When Tom Cruise got stuck on a video game and decided to ask the creators for help: “No endorsements!”
Tom Cruise is a tricky one. In the last 20 years or so, he has done a fine job of coming across as literally the nicest guy in movies; down to earth, up for taking the piss out of himself, fine with posing for endless selfies, coming across really well in interviews. He seems great, and a bloke you would sit in the pub with.
But, and it’s a big but, this is the same Tom Cruise who you can, with a cursory search of the interwebs, find jumping manically on a sofa on Oprah, being immensely worrying on those big Scientology award shows that have terrifying men in suits hugging each other, and giving some truly bizarre interviews about medicines.
So, which is it, Tom? Are we supposed to like you or not? Well, to give him his due, 20 years is a long time, and first and foremost, what Cruise is, and has always been, is a movie star. And if we reduce it down to simply that, then there’s a fair argument that he is probably the best at it, and has been getting better, consistently, over his long, long career.
If any proof of that were needed it’s that he has pushed action films to a place they’ve never been before, with the second half of Top Gun Maverick an astounding display of stunts and camera work and one scene in particular in the final Mission Impossible movie (clue: it involves Cruise inside a sinking nuclear submarine) so jaw-dropping it ranks as one of the finest action movie moments of all time.
The Tom Cruise we’re going to look at today, however, is 1990s Tom Cruise. This is the Jerry Maguire, Days of Thunder, biggest movie star in the world Tom Cruise, during the Nicole Kidman marriage and before the questionable Katie Holmes partnership and before he went full ‘insane laughing on a couch’. So Tom Cruise, but still just…off somehow.
An example of just how interesting Cruise was back in those days comes thanks to the apocryphal tale from Kotaku of how the star was passing a bit of down time while filming one of the earlier Mission Impossible movies here in London by having a go on a popular video game of the time, known as Marathon.
Reportedly, Cruise was having some issues with his progress on the first person shooter, and so in the absence of being able to look up a walkthrough (internet hadn’t been invented) or god forbid just ask someone near him to help out, he decided to call up the head office of Bungie, the game’s developers and see if someone could tell him what to do.
He ended up being put through to a writer named Matt Soell, who said: “Technically his lackey called me; Tom Cruise has people to do these things for him, you know. I passed the call to (Head of PR) Doug Zartman because the lackey was communicating poorly…He’s in a big dark room, there’s a corridor going out of it but the door doesn’t work, and there’s this monster shooting at him, and there’s another room he can see but he can’t get to…”
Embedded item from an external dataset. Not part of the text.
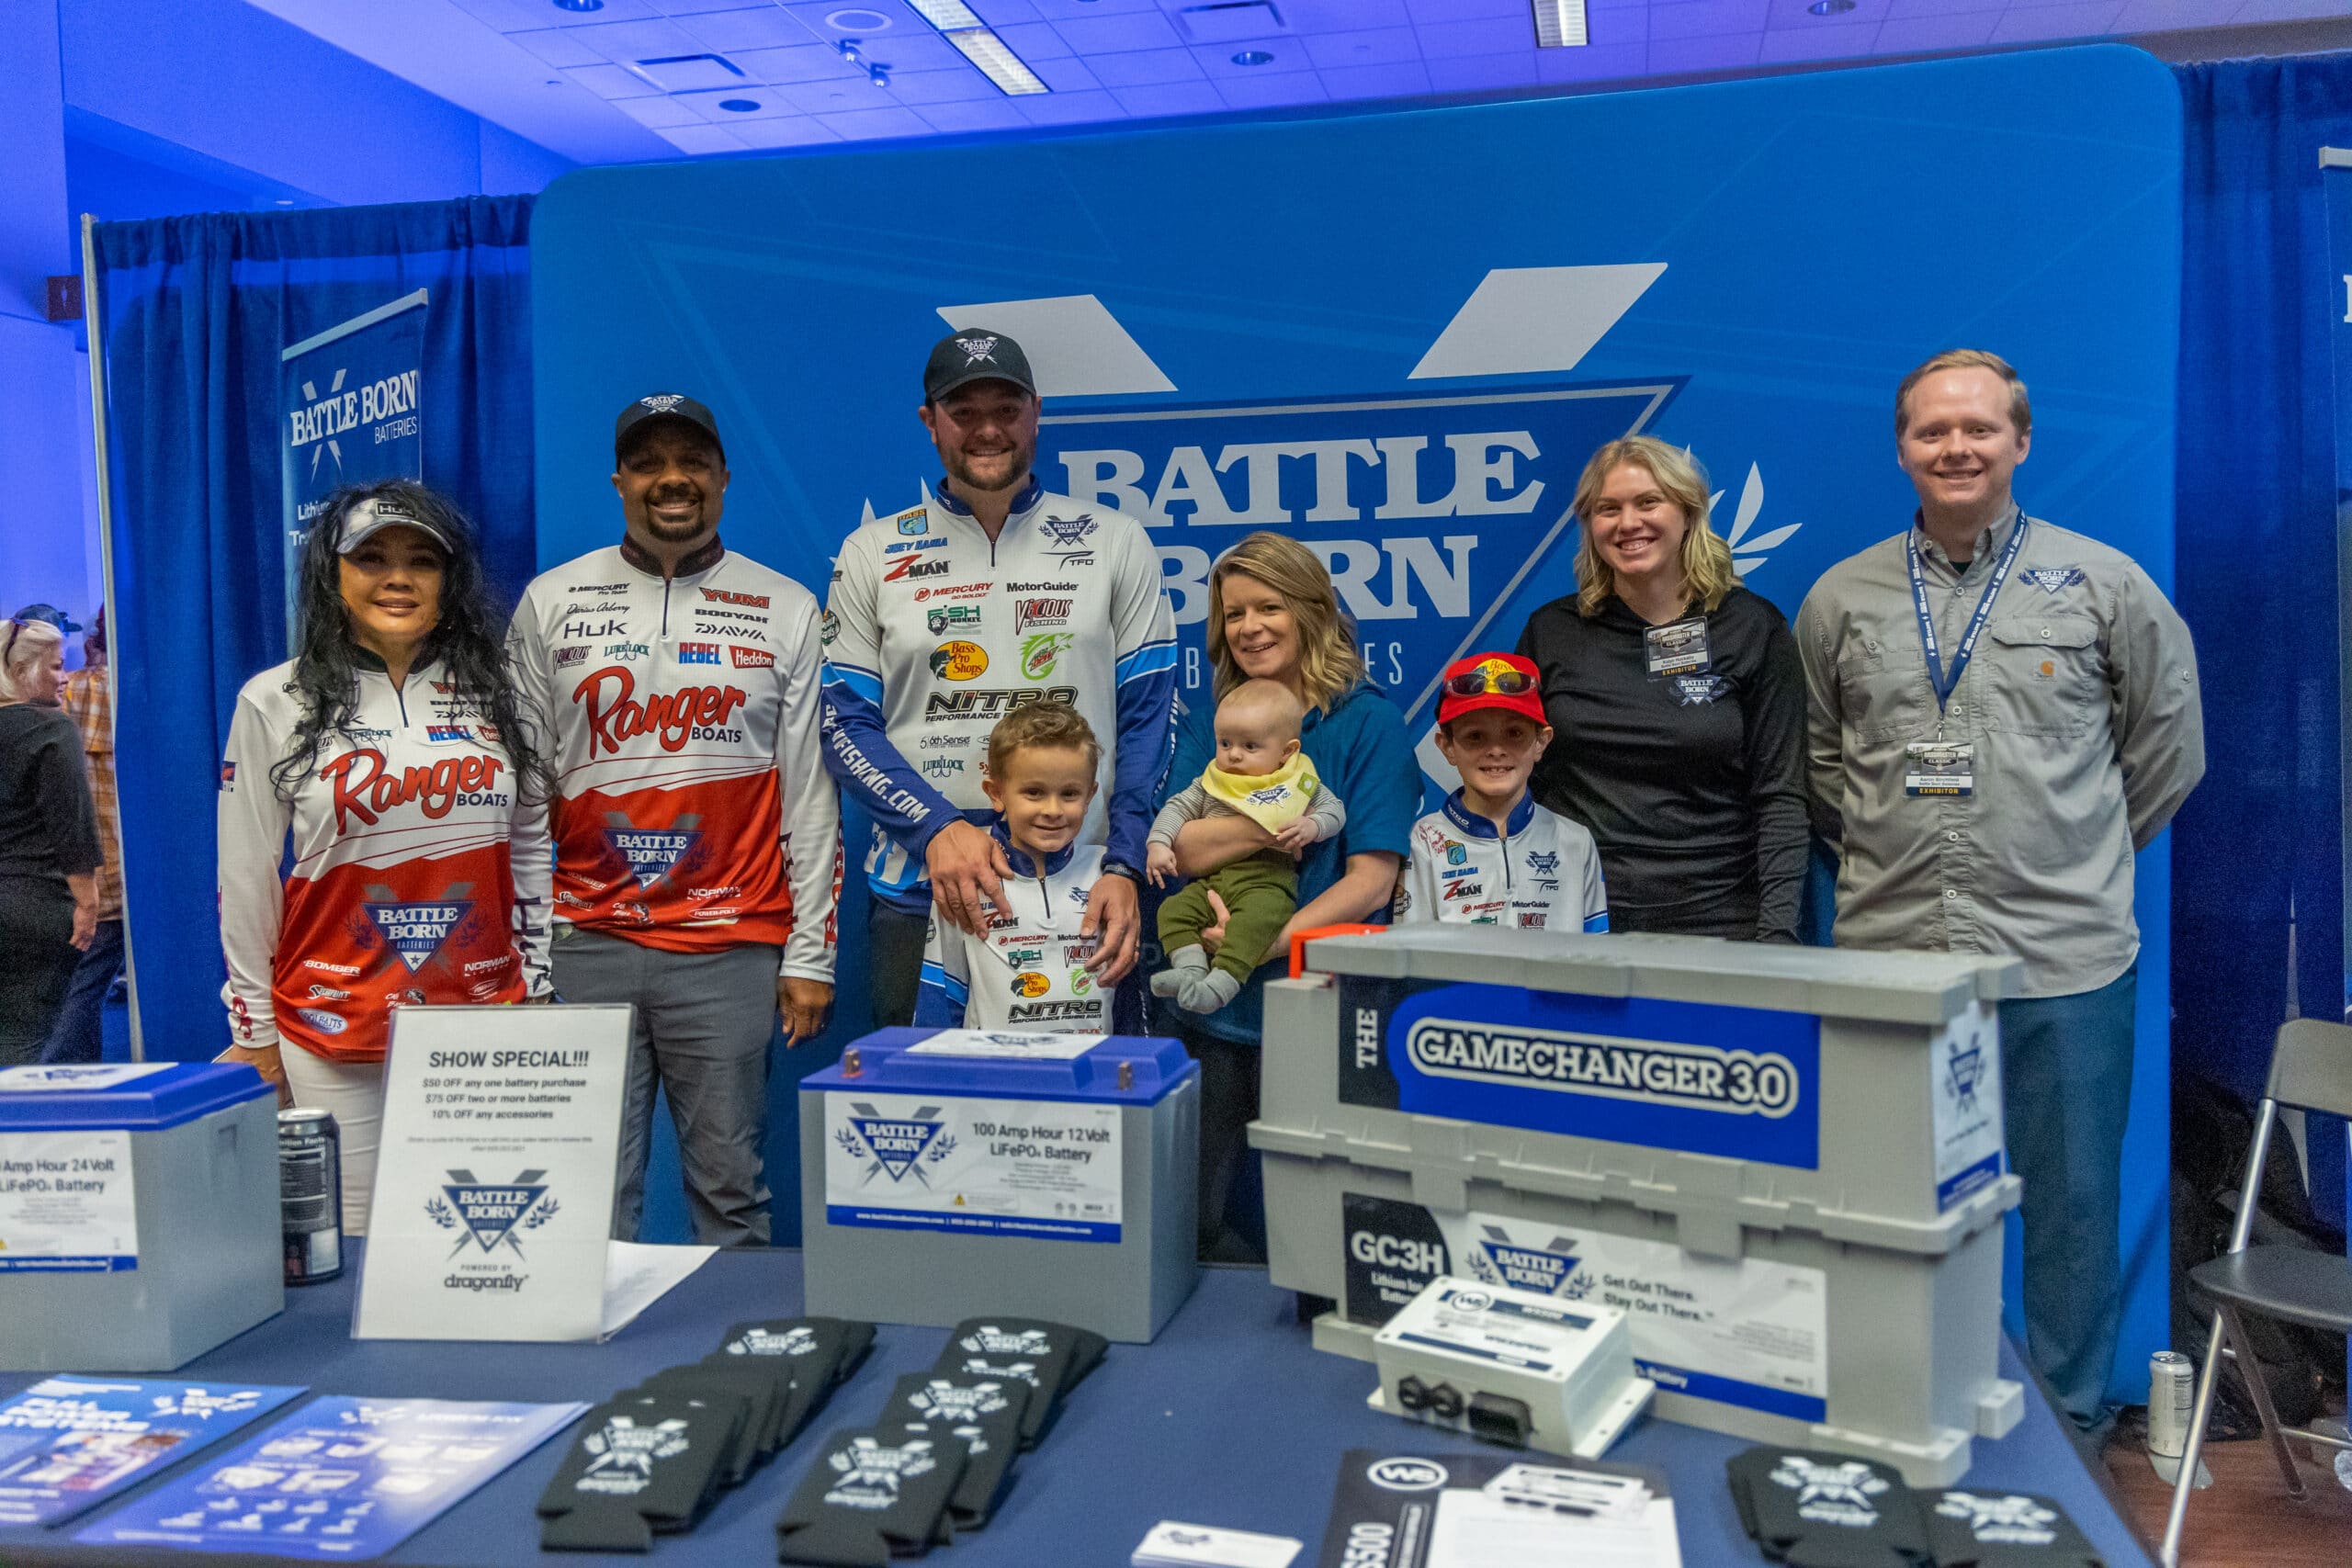 Professional Anglers Joey Nania and Darius Arberry at the Bassmaster Classic

It would seem Cruise, who you can imagine might have been wearing one of those gaming headsets like he does in the Mission Impossible films despite the fact that online chat rooms were at least a decade off, had enough at that point and just decided to take care of things himself, much as he does when having to run really fast either toward or away from an explosion. Or pull someone out of a car that’s underwater.
As Soell adds: “Moments later, Tom Cruise grabbed the phone and started talking directly to Doug, who quickly helped him figure out whatever was confusing him. I believe the lackey was still listening in on an extension or something because at one point Doug jokingly asked Mr Cruise if he wanted to do an ad for the game and the lackey shouted ‘NO ENDORSEMENTS!’”
If Cruise is free these days, and it doesn’t seem likely, then he’ll soon get to play a reboot of Marathon, as Bungie currently have one in development for 2026, although it has caused no little controversy with early reviewers disappointed by what they’ve seen.